Abre os olhos cego da luz da lanterna.
- Pai! Quantas vezes já lhe disse que não pode vir para aqui? Que isto é perigoso?
- Perigoso?
- Isto está a cair!!! E não volte a desaparecer!!! Vamos embora! Com este frio ainda apanha uma pneumonia!
- Mas tu não sabes? As solistas! Elas estão cá!
- Que solistas? O pai voltou a adormecer aqui! Que mania de voltar sempre aqui!
Pai e filho saíram de braço dado. O vento fininho soprava nas orelhas. Um frio dos diabos, disse o filho. Alguns papéis levantaram-se. Um deles era a anunciar para breve o concerto das quatro solistas.

4 comentários:

marisa disse...

Querida Gasolina,
Descobri hoje mais uma bela história tua.
Espero que esteja tudo bem contigo e a tua escrita da qual tenho saudades.
Beijos
marisa

C.G. disse...

Querida Marisa,

Saudades, saudades.
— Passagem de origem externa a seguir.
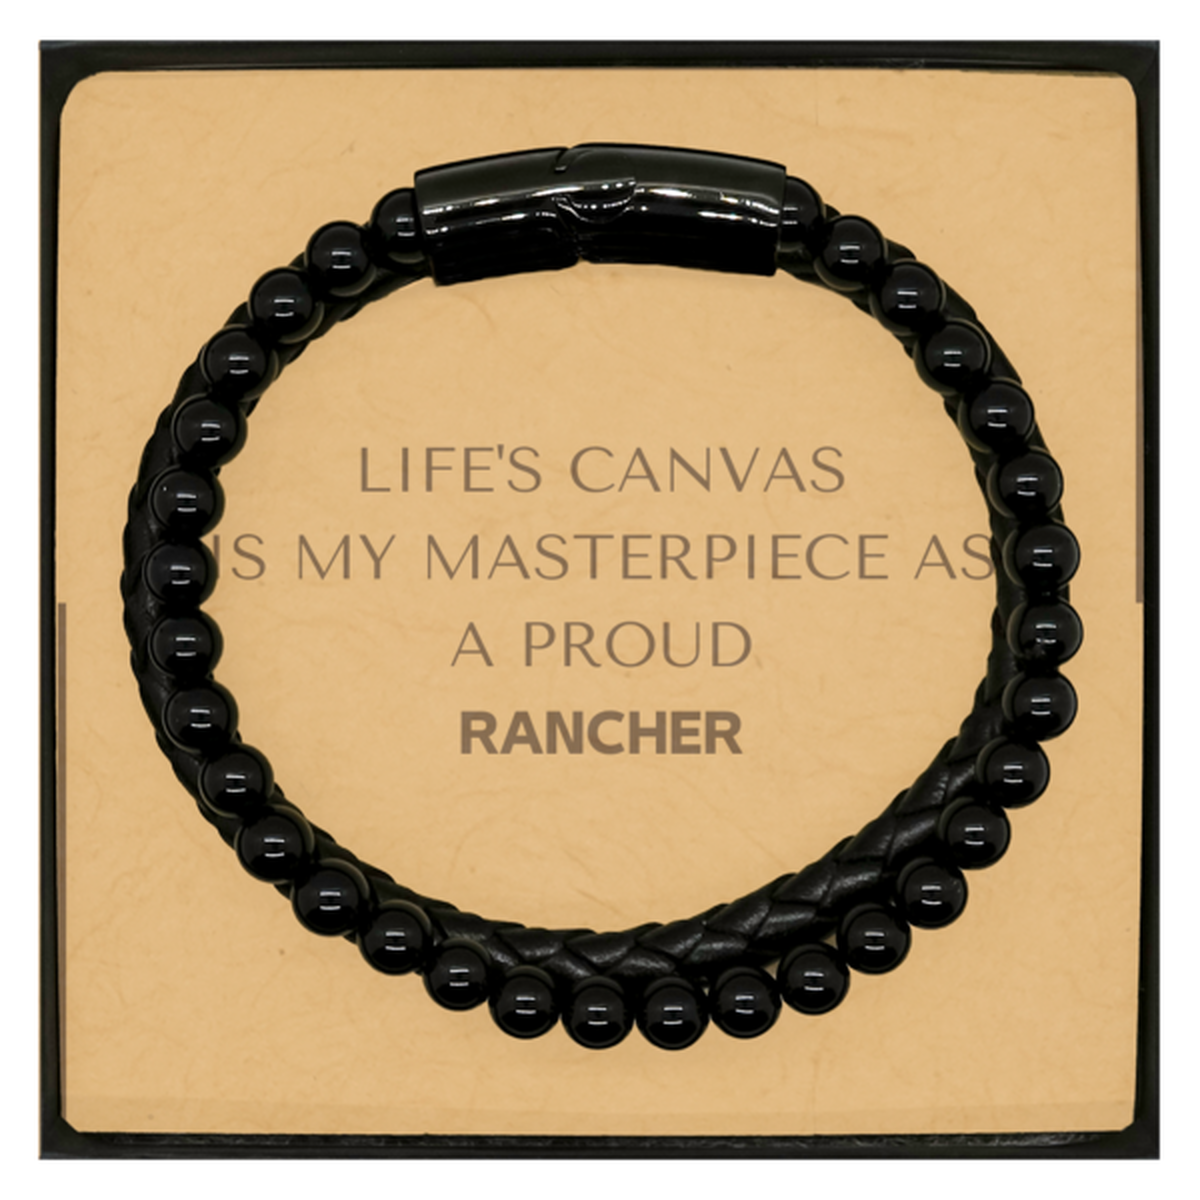 Proud Rancher Gifts, Life's canvas is my masterpiece, Epic Birthday Christmas Unique Stone Leather Bracelets For Rancher, Coworkers, Men, Women, Friends

Tanta.
Tudo bem comigo, espero que contigo também.
Aos poucos o regresso à luz do dia, ainda com passos pequeninos, muitas folhas a soltarem-se-me entre dedos.

Beijo e abraço apertado.

o Reverso disse...

neste momento estou podre de sono.

amanh, com capacidade para absorver o que escreveste, volto...

o Reverso disse...

hoje reli.

não vou ler o de cima já. virei ler depois. hoje quero ir mais uma vez com este. gostei muito (não é comentário que se faça, gostei muito e pronto, mais nada!?)

mas sim, gostei muito. não só do que contas mas também da maneira como contas.